Core types: AppError, AppErrorKind, AppResult, AppCode, ErrorResponse
Optional Axum/Actix integration
Optional OpenAPI schema (via utoipa)
Conversions from sqlx, reqwest, redis, validator, config, tokio

TL;DR

[dependencies]
masterror = { version = "0.10.8", default-features = false }
# or with features:
# masterror = { version = "0.10.8", features = [
#   "axum", "actix", "openapi", "serde_json",
#   "sqlx", "sqlx-migrate", "reqwest", "redis",
#   "validator", "config", "tokio", "multipart",
#   "teloxide", "telegram-webapp-sdk", "frontend", "turnkey"
# ] }

Since v0.5.0: derive custom errors via #[derive(Error)] (use masterror::Error;) and inspect browser logging failures with BrowserConsoleError::context(). Since v0.4.0: optional frontend feature for WASM/browser console logging. Since v0.3.0: stable AppCode enum and extended ErrorResponse with retry/authentication metadata.

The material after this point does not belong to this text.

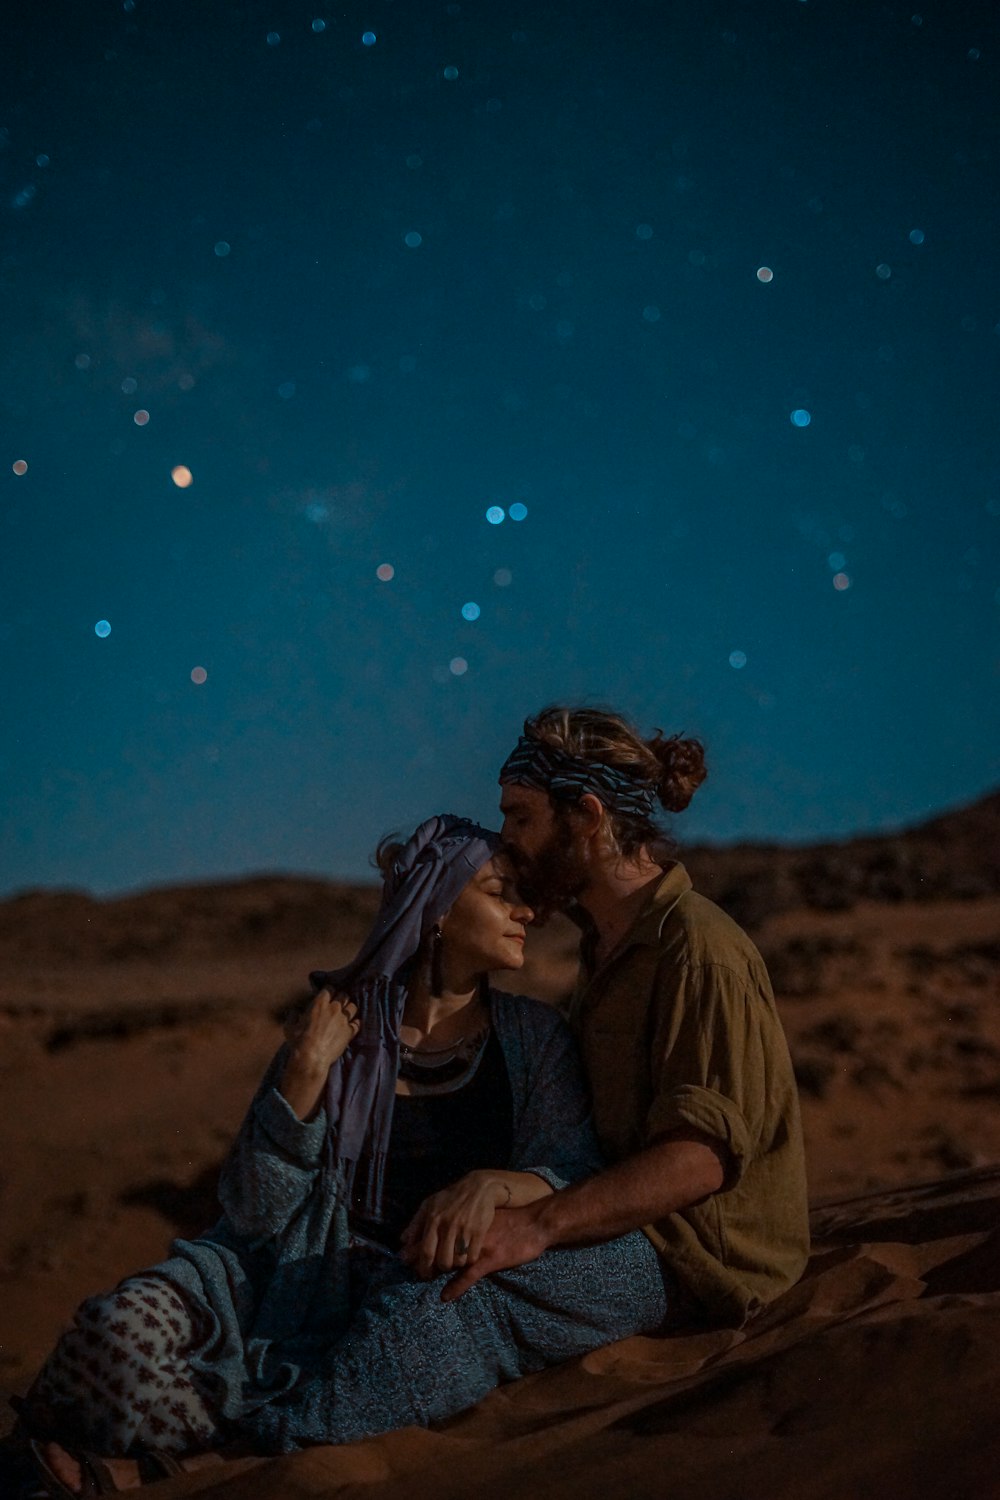 夜の青空の下、砂漠の砂の上に座る男女
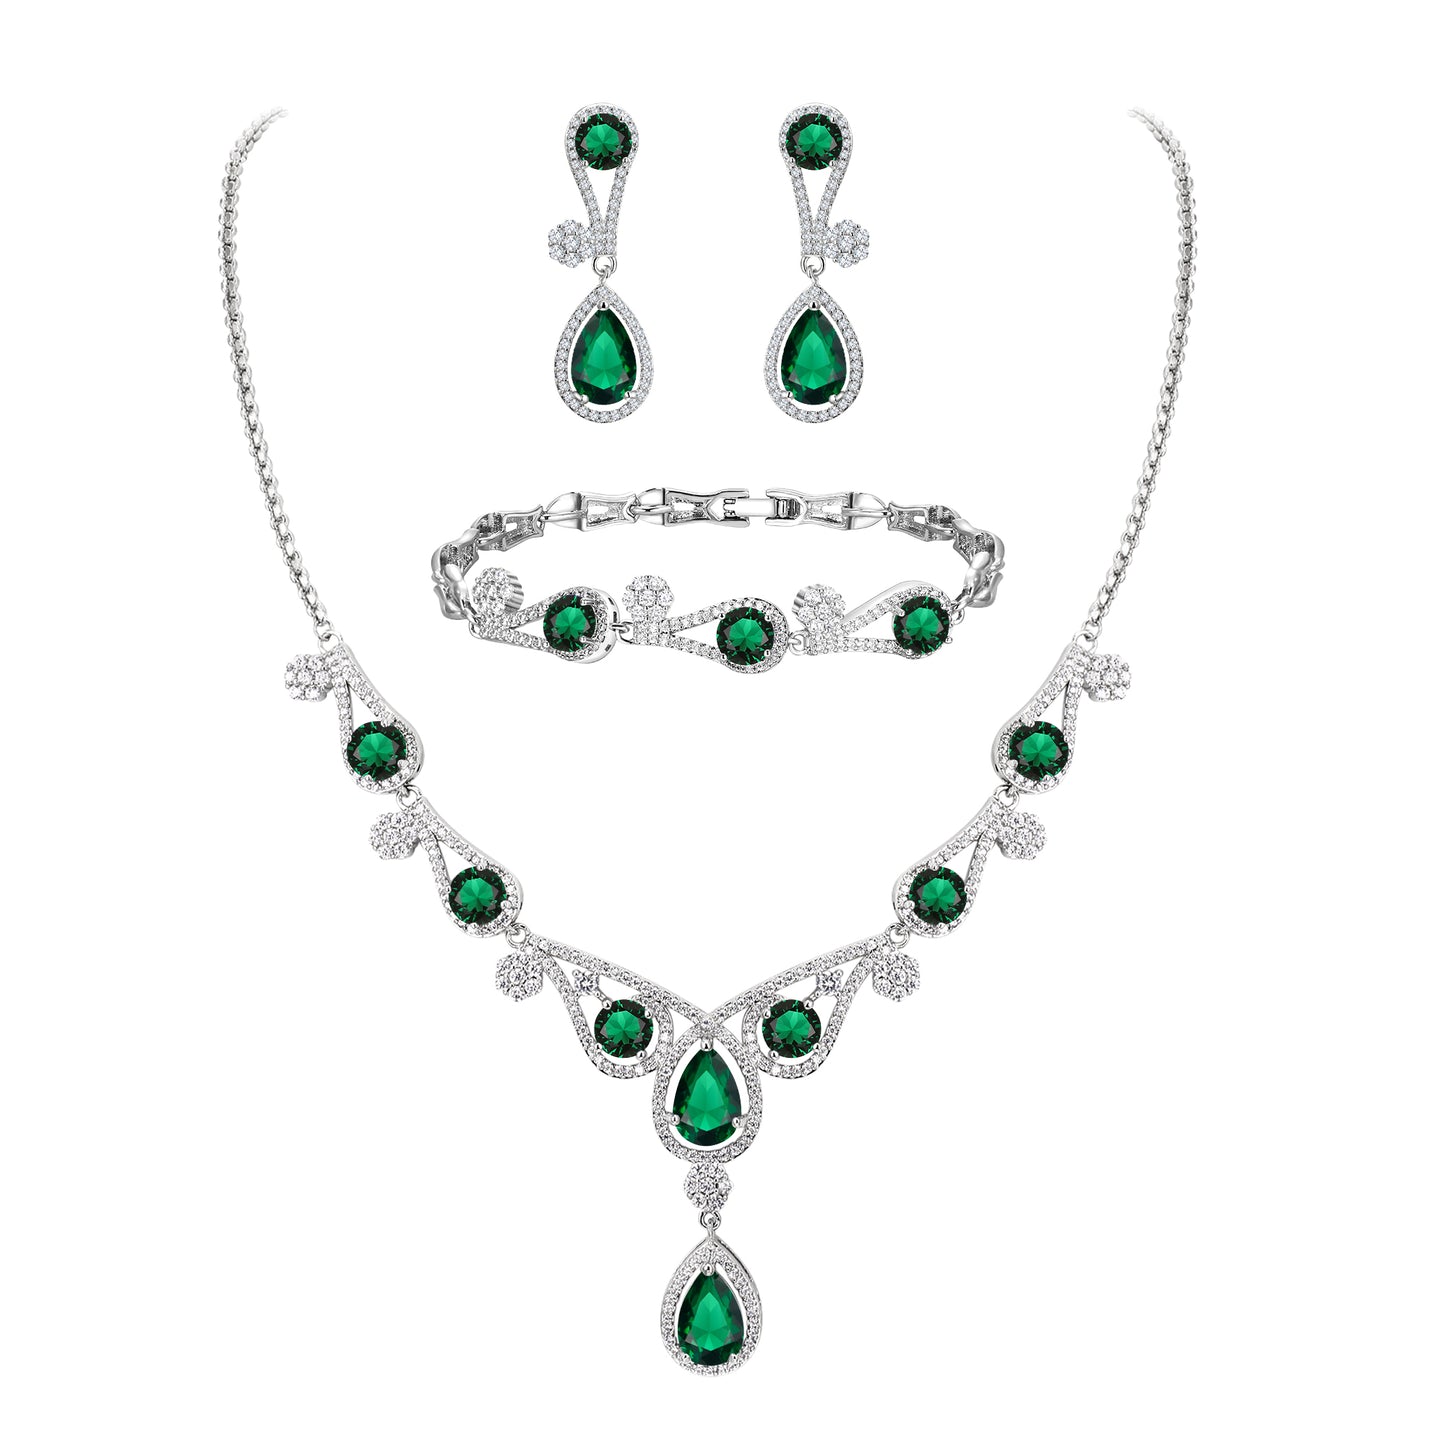 08311 Gorgeous CZ Lots Hollow-Out Teardrop Necklace Earrings Bracelet Jewelry Set

Stable taxonomy. Small set of AppErrorKind categories mapping conservatively to HTTP.
Framework-agnostic. No assumptions, no unsafe, MSRV pinned.
Opt-in integrations. Zero default features; you enable what you need.
Clean wire contract. ErrorResponse { status, code, message, details?, retry?, www_authenticate? }.
One log at boundary. Log once with tracing.
Less boilerplate. Built-in conversions, compact prelude, and the native masterror::Error derive with #[from] / #[error(transparent)] support.
Consistent workspace. Same error surface across crates.

[dependencies]
# lean core
masterror = { version = "0.10.8", default-features = false }

# with Axum/Actix + JSON + integrations
# masterror = { version = "0.10.8", features = [
#   "axum", "actix", "openapi", "serde_json",
#   "sqlx", "sqlx-migrate", "reqwest", "redis",
#   "validator", "config", "tokio", "multipart",
#   "teloxide", "telegram-webapp-sdk", "frontend", "turnkey"
# ] }

MSRV: 1.90 No unsafe: forbidden by crate.

Create an error:

use masterror::{AppError, AppErrorKind};

let err = AppError::new(AppErrorKind::BadRequest, "Flag must be set");
assert!(matches!(err.kind, AppErrorKind::BadRequest));

With prelude:

use masterror::prelude::*;

fn do_work(flag: bool) -> AppResult<()> {
    if !flag {
        return Err(AppError::bad_request("Flag must be set"));
    }
    Ok(())
}

use std::io;

use masterror::Error;

#[derive(Debug, Error)]
#[error("I/O failed: {source}")]
pub struct DomainError {
    #[from]
    #[source]
    source: io::Error,
}

#[derive(Debug, Error)]
#[error(transparent)]
pub struct WrappedDomainError(
    #[from]
    #[source]
    DomainError
);

fn load() -> Result<(), DomainError> {
    Err(io::Error::other("disk offline").into())
}

let err = load().unwrap_err();
assert_eq!(err.to_string(), "I/O failed: disk offline");

let wrapped = WrappedDomainError::from(err);
assert_eq!(wrapped.to_string(), "I/O failed: disk offline");

use masterror::Error; brings the crate's derive macro into scope.
#[from] automatically implements From<...> while ensuring wrapper shapes are valid.
#[error(transparent)] enforces single-field wrappers that forward Display/source to the inner error.
#[app_error(kind = AppErrorKind::..., code = AppCode::..., message)] maps the derived error into AppError/AppCode. The optional code = ... arm emits an AppCode conversion, while the message flag forwards the derived Display output as the public message instead of producing a bare error.
masterror::error::template::ErrorTemplate parses #[error("...")] strings, exposing literal and placeholder segments so custom derives can be implemented without relying on thiserror.
TemplateFormatter mirrors thiserror's formatter detection so existing derives that relied on hexadecimal, pointer or exponential renderers keep compiling.
Display placeholders preserve their raw format specs via TemplateFormatter::display_spec() and TemplateFormatter::format_fragment(), so derived code can forward :>8, :.3 and other display-only options without reconstructing the original string.
TemplateFormatterKind exposes the formatter trait requested by a placeholder, making it easy to branch on the requested rendering behaviour without manually matching every enum variant.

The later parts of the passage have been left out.